This solution only gives you a backup against a drive failure and not
data corruption. It is only half the solution.
If you are limited to 2 drives, I'd do the mirror but set aside space
for a daily (m-w-f & t-th-s) or a daily & weekly backup. This gives you
a day (w/ m-w-f & t-th-s) or a week (w/ daily & weekly) to detect file
corruption or virus/trojan problems.
Ideally, you mirror 2 drives and do the historical to a 3rd and keep a
daily (at least m-w-f & t-th-s), weekly, and monthly backup.
With the mirror for fault tolerance and historical backup for
corruption, you are well covered.
Just MHO,
Travis
-----Original Message-----
From: slug@lists.nks.net [mailto:slug@lists.nks.net] On Behalf Of Eric
Jahn
Sent: Friday, July 04, 2003 10:51 AM
To: SLUG
Subject: Re: [SLUG] a simple harddrive backup scheme
"From a hardware aspect two same sized drives both bootable is the
cheapest
> most convenient form of operation, with built a in recovery option."
the above sounds like the simplest, lowest maintenance solution to me.
so when my old original drive crashes, just switch to boot from the
newer drive. I supposed I would have to initially do a complete disk
copy from the old to the new, then just update the files I need saved
(home directory) regularly. I guess I would also need to check now and
again the verify that the new backup disk is still even bootable as I
keep adding files (boot which aren't system files, just data file in
/home). Of course if lightning strikes, I'm up $*!t creek, but chances
are I'll be sitting at the computer at that time also, so no worries. ;)
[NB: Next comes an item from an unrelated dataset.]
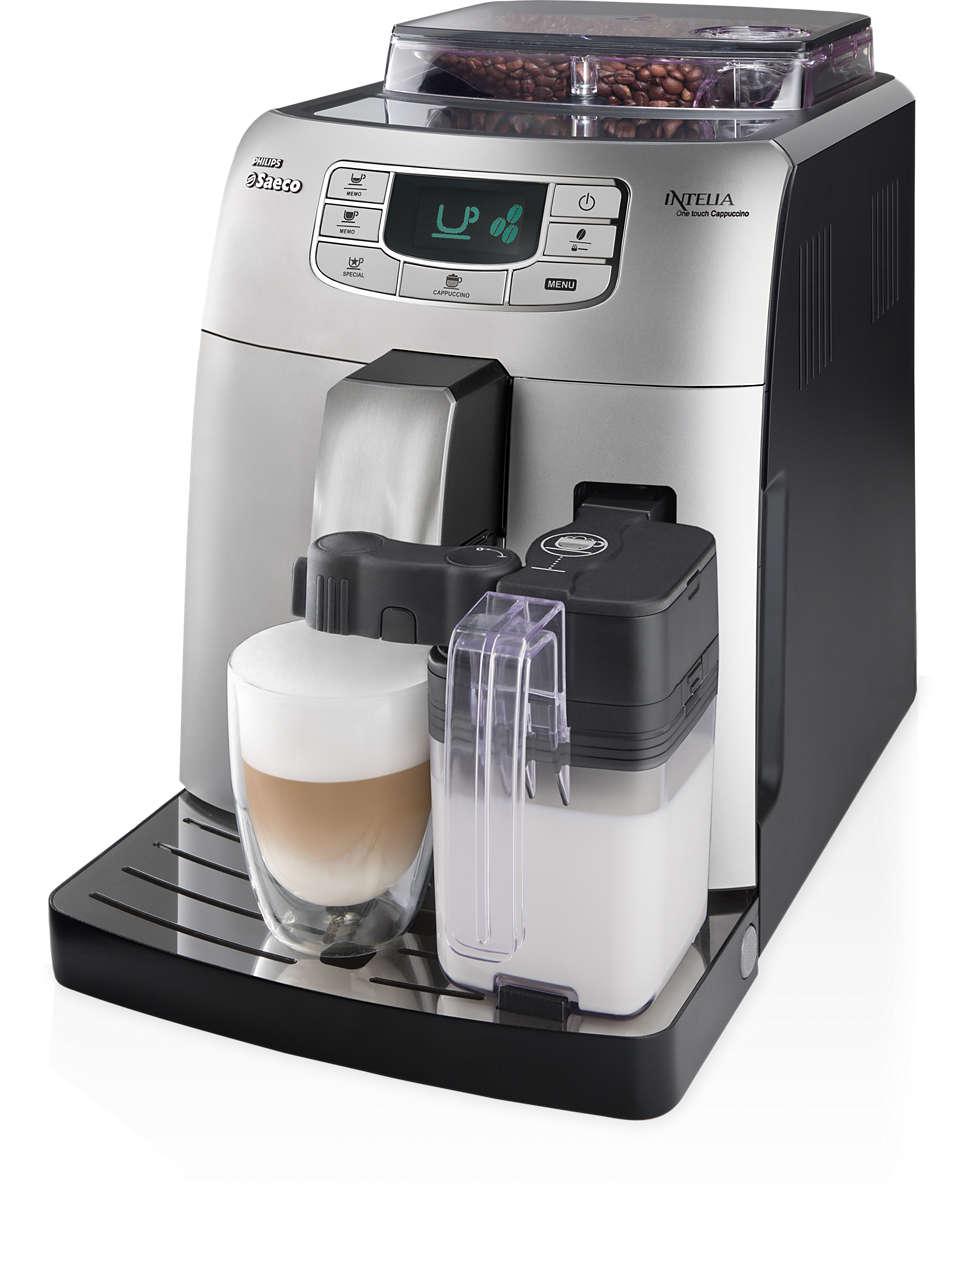 One-touch Espresso and Cappuccino
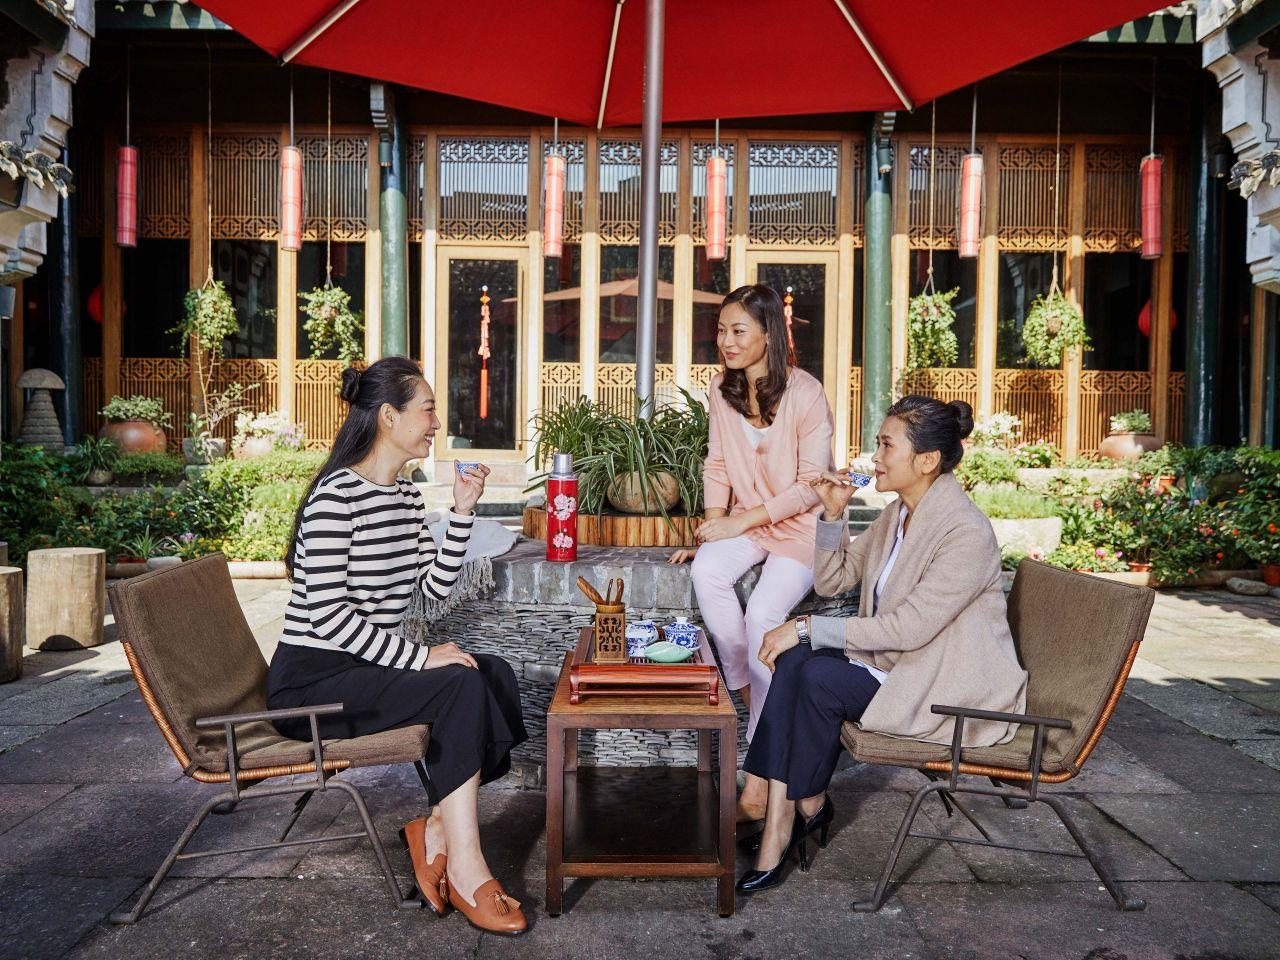 restaurants in siesta key hyatt residence club sarasota. Black Bedroom Furniture Sets. Home Design Ideas

On Fri, 2003-07-04 at 03:34, Ronald KA4INM Youvan wrote:
> From a hardware aspect two same sized drives both bootable is the
> cheapest most convenient form of operation, with built a in recovery
> option.
>
>
> > If I want to become responsible and start backing up my data on a
> > daily basis, what's the simplest, lowest maintenance way to go? I'm
> > thinking a cron job that runs a bash script which copies specified
> > folders to the other drive. Does this sound like a path of least
> > resistance? Is there good free open source software that can manage
> > this for me?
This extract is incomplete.